A 0.005-kg bullet traveling horizontally with a speed of 1.00 103 m/s enters an 20.3-kg door, imbedding itself 10.6 cm from the side opposite the hinges as in the figure below. The 1.00-m-wide door is free to swing on its hinges.
(c) At what angular speed does the door swing open immediately after the collision? (The door has the same moment of inertia as a rod with axis at one end.
(d) Calculate the energy of the door-bullet system and determine whether it is less than or equal to the kinetic energy of the bullet before the collision.
Use conservation of momentum (angular).
massbullet*velocitybullet*radius=massdoorbullet*w door
d) you do that, but energy was lost...
So (.005kg)(1000m/s)(1.06m)=(20.305kg)(w door)
w door=.26101?
I didn't check the math, but you need units ALWAYS. If your math is correct, w= .26 radians/sec
To solve parts (c) and (d) of the problem, we need to understand the conservation of angular momentum and kinetic energy.
(c) To find the angular speed at which the door swings open immediately after the collision, we can use the principle of conservation of angular momentum. Before the collision, the bullet has no angular momentum since it is traveling in a straight line. However, after the collision, the bullet becomes embedded in the door and starts moving in a circular path.
We can calculate the initial angular momentum of the bullet-door system by using the formula:
L_initial = m_bullet * v_bullet * r
where
m_bullet = mass of the bullet
v_bullet = velocity of the bullet
r = radius of circular motion (distance at which the bullet embeds in the door)
Substituting the given values:
m_bullet = 0.005 kg
v_bullet = 1.00 * 10^3 m/s
r = 0.106 m
L_initial = 0.005 kg * (1.00 * 10^3 m/s) * 0.106 m
Next, we need to find the final angular momentum of the system. After the collision, the bullet and door will move together as a single object. The door will rotate about its hinge, so its angular momentum will be given by:
L_final = I * ω
where
I = moment of inertia of the door (which is assumed to be a rod)

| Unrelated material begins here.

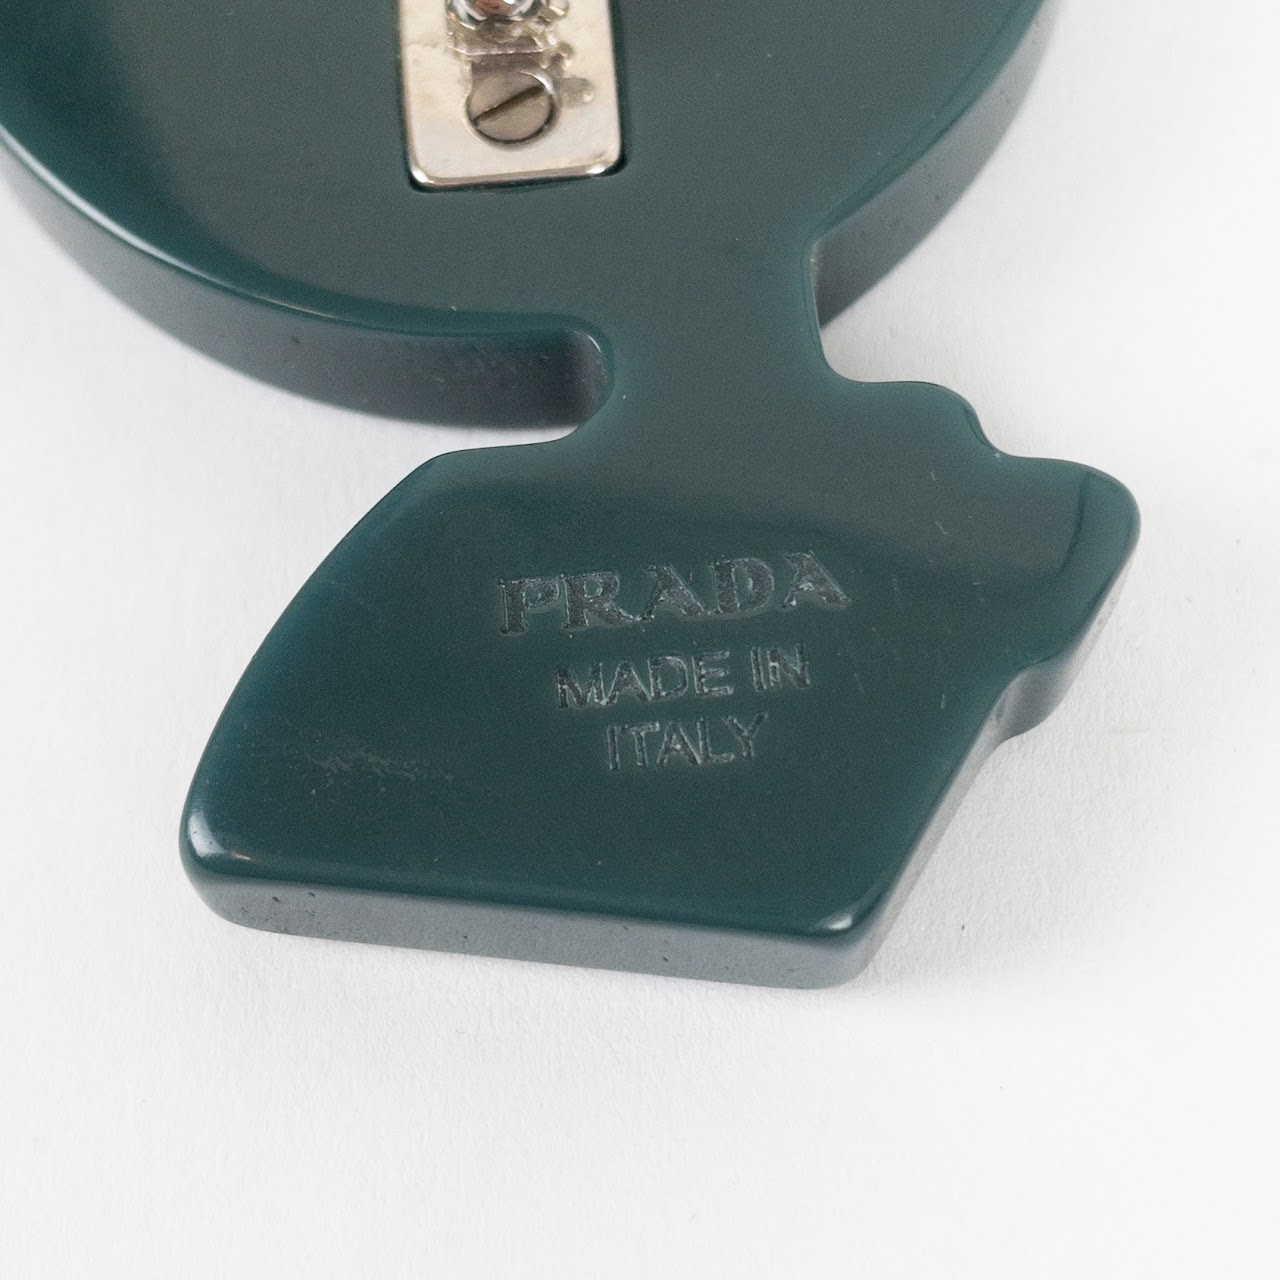 Prada Vintage Electric Fan Brooch

ω = angular speed of the door
Substituting the given values:
I = moment of inertia of a rod about one end = (1/3) * m * L^2
m = mass of the door = 20.3 kg
L = length of the door = 1.00 m
I = (1/3) * (20.3 kg) * (1.00 m)^2
We need to convert the length of the door from meters to centimeters to match the given units.
I = (1/3) * (20.3 kg) * (100 cm)^2
Finally, we can equate the initial and final angular momenta and solve for ω:
L_initial = L_final
0.005 kg * (1.00 * 10^3 m/s) * 0.106 m = (1/3) * (20.3 kg) * (100 cm)^2 * ω
Solving the equation above will give us the angular speed at which the door swings open immediately after the collision.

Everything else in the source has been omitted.